Showing papers by "Kathleen L. Gould published in 1997"

The control of septum formation in fission yeast.

Abstract: If cell division is to produce two daughter cells that are viable, faithful copies of the parent cell, the landmark events of the cell division cycle, S phase, mitosis, and cytokinesis, must be executed in the correct order and with high fidelity. Though considerable advances have been made toward understanding the mechanisms that control the onset of S phase and mitosis, regulation of the events that occur at the end of the cell cycle, such as the reorganization of the cytoskeleton and the initiation of cell separation or cytokinesis, are less well understood. The fission yeast Schizosaccharomyces pombe provides a simple eukaryotic model for the study of cytokinesis. S. pombe cells are rod shaped, grow mainly by elongation at their ends, and divide by binary fission after forming a centrally placed division septum. Study of S. pombe mutants has begun to shed light on how septum formation and cytokinesis are regulated both spatially and temporally, to achieve proper co-ordination with mitosis. Some of the genes defined by these mutants have been functionally conserved through eukaryotic evolution, suggesting that aspects of this control will be common to all eukaryotic cells.

Cytokinesis in fission yeast Schizosaccharomyces pombe

Abstract: Publisher Summary This chapter discusses the cytokinesis in fission yeast Schizosaccharomyces pombe. The process of cytokinesis in animal cells has been the subject of a large number of ingenious embryological experiments. While these experiments have revealed a great deal at a mechanistic level about what factors influence cleavage furrow formation, much less is known at a molecular level. Because much of the current understanding of the eukaryotic cell cycle at a molecular level is derived from genetic studies in the two yeasts, Saccharomyces cerevisiae and Schizosaccharomyces pombe, it seems likely that the study of cytokinesis in yeast will also be revealing. Schizosaccharomyces pombe is particularly well suited for the study of cytokinesis, because like higher eukaryotes, S. pombe divides by medial fission through the use of an F-actin contractile ring. The actin cytoskeleton in fission yeast contains three major types of actin structures.

Fission Yeast dim1+ Encodes a Functionally Conserved Polypeptide Essential for Mitosis

Abstract: In a screen for second site mutations capable of reducing the restrictive temperature of the fission yeast mutant cdc2-D217N, we have isolated a novel temperature-sensitive mutant, dim1-35. When shifted to restrictive temperature, dim1-35 mutant cells arrest before entry into mitosis or proceed through mitosis in the absence of nuclear division, demonstrating an uncoupling of proper DNA segregation from other cell cycle events. Deletion of dim1 from the Schizosaccharomyces pombe genome produces a lethal G2 arrest phenotype. Lethality is rescued by overexpression of the mouse dim1 homolog, mdim1. Likewise, deletion of the Saccharomyces cerevisiae dim1 homolog, CDH1, is lethal. Both mdim1 and dim1(+) are capable of rescuing lethality in the cdh1::HIS3 mutant. Although dim1-35 displays no striking genetic interactions with various other G2/M or mitotic mutants, dim1-35 cells incubated at restrictive temperature arrest with low histone H1 kinase activity. Morevoer, dim1-35 displays sensitivity to the microtubule destabilizing drug, thiabendazole (TBZ). We conclude that Dim1p plays a fundamental, evolutionarily conserved role as a protein essential for entry into mitosis as well as for chromosome segregation during mitosis. Based on TBZ sensitivity and failed chromosome segregation in dim1-35, we further speculate that Dim1p may play a role in mitotic spindle formation and/or function.
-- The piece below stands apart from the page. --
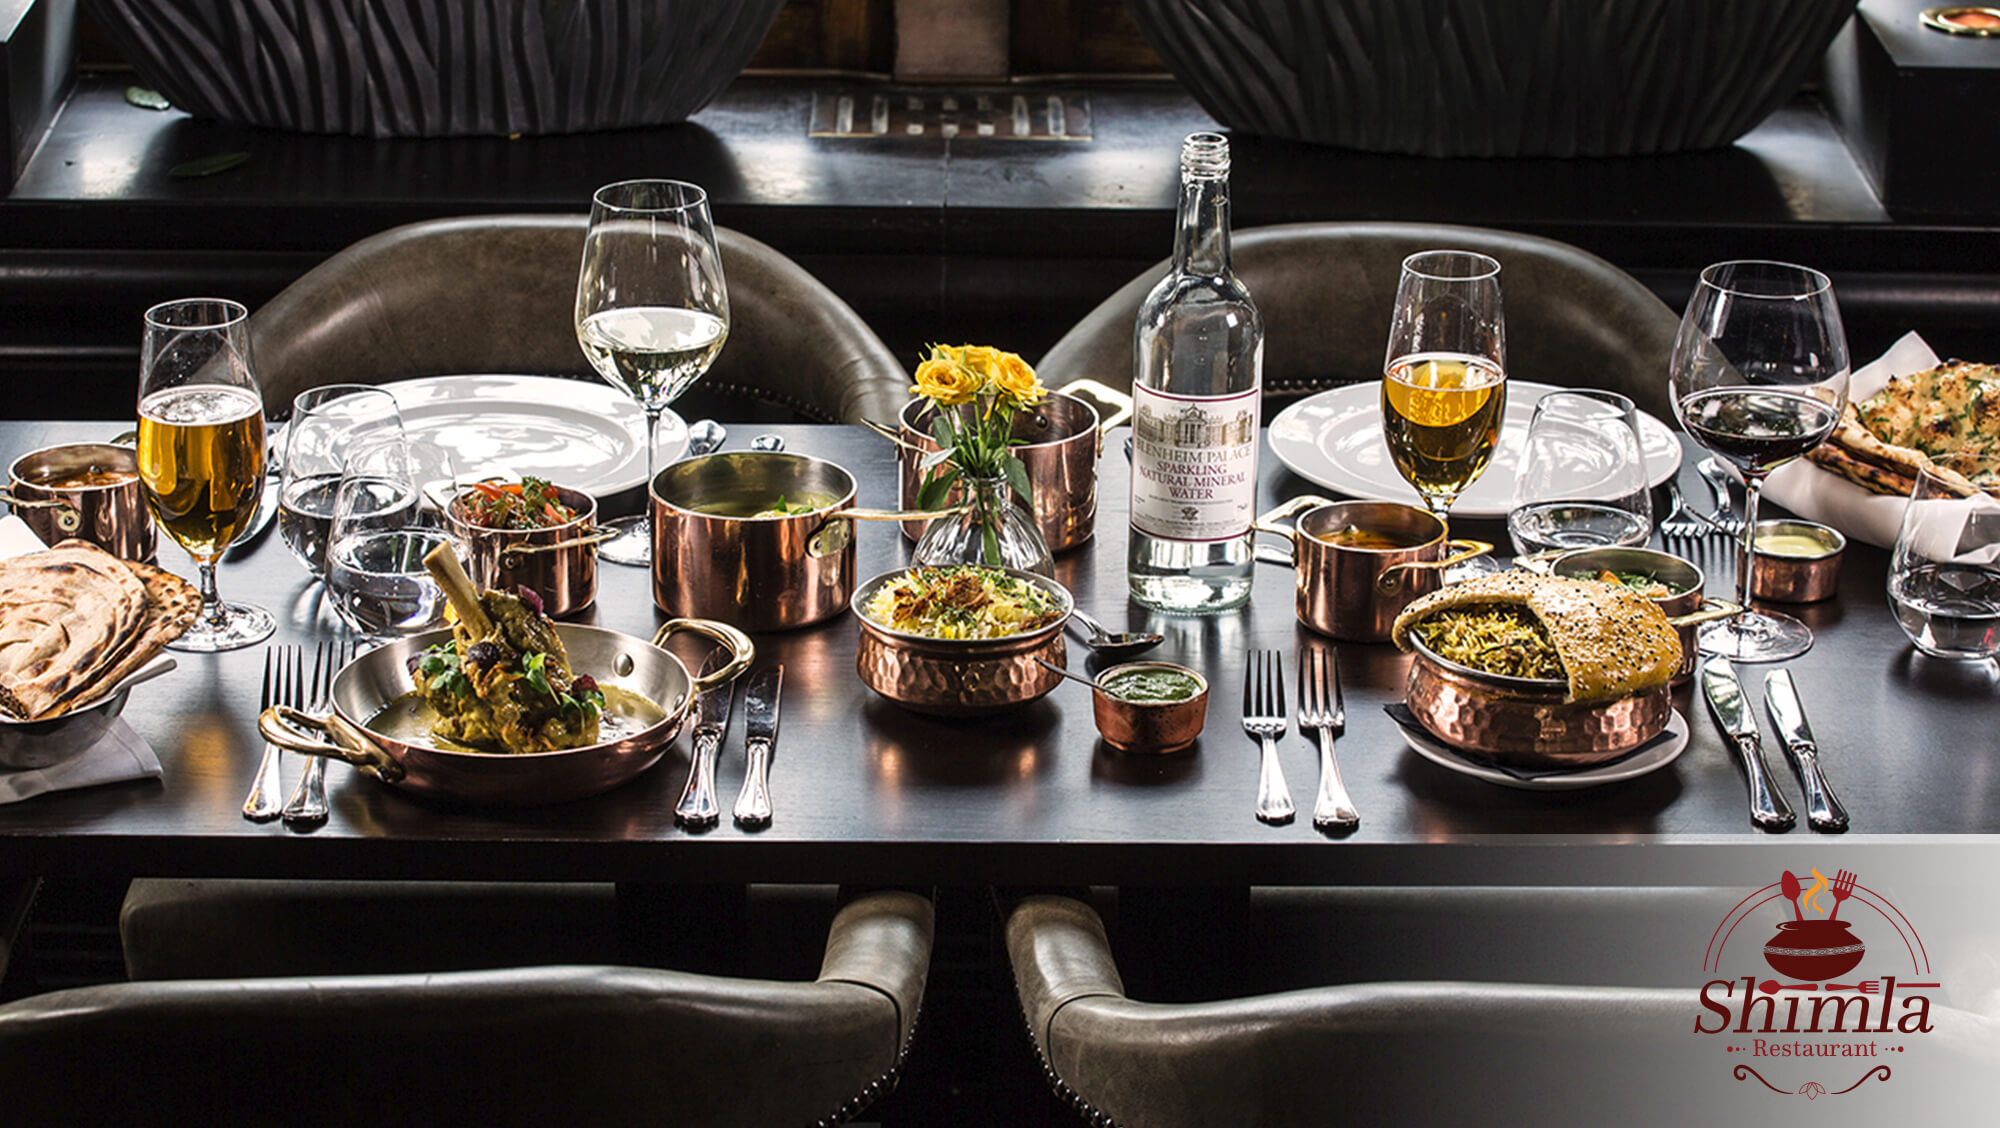 Brandcrock-shimla restaurant-BrandCrock-portfolio-menu-img

A wat1 mutant of fission yeast is defective in cell morphology

Abstract: The organization of the actin cytoskeleton plays an integral role in cell morphogenesis of all eukaryotes. We have isolated a temperature-sensitive mutant in Schizosaccharomyces pombe, wat1-1, in which acting patches are delocalized, resulting in an elliptically shaped cell phenotype. Molecular cloning and DNA sequencing of wat1+ showed that the gene encodes a 314 residue protein containing WD-40 repeats. Cells lacking wat1+ are slow growing but viable at 25 degrees C and temperature-sensitive for growth above 33 degrees C. At restrictive temperature, wat1-d strains are phenotypically indistinguishable from wat1-1. When combined with a deletion for the wat1+ gene, cdc mutants failed to elongate at restrictive temperature and exhibited alterations in actin patch localization. This analysis suggests that wat1+ is required directly or indirectly for polarized cell growth in S. pombe. Wat1p and a functional, epitope-tagged, version of Wat1p can be overproduced without inducing alterations in cell morphology.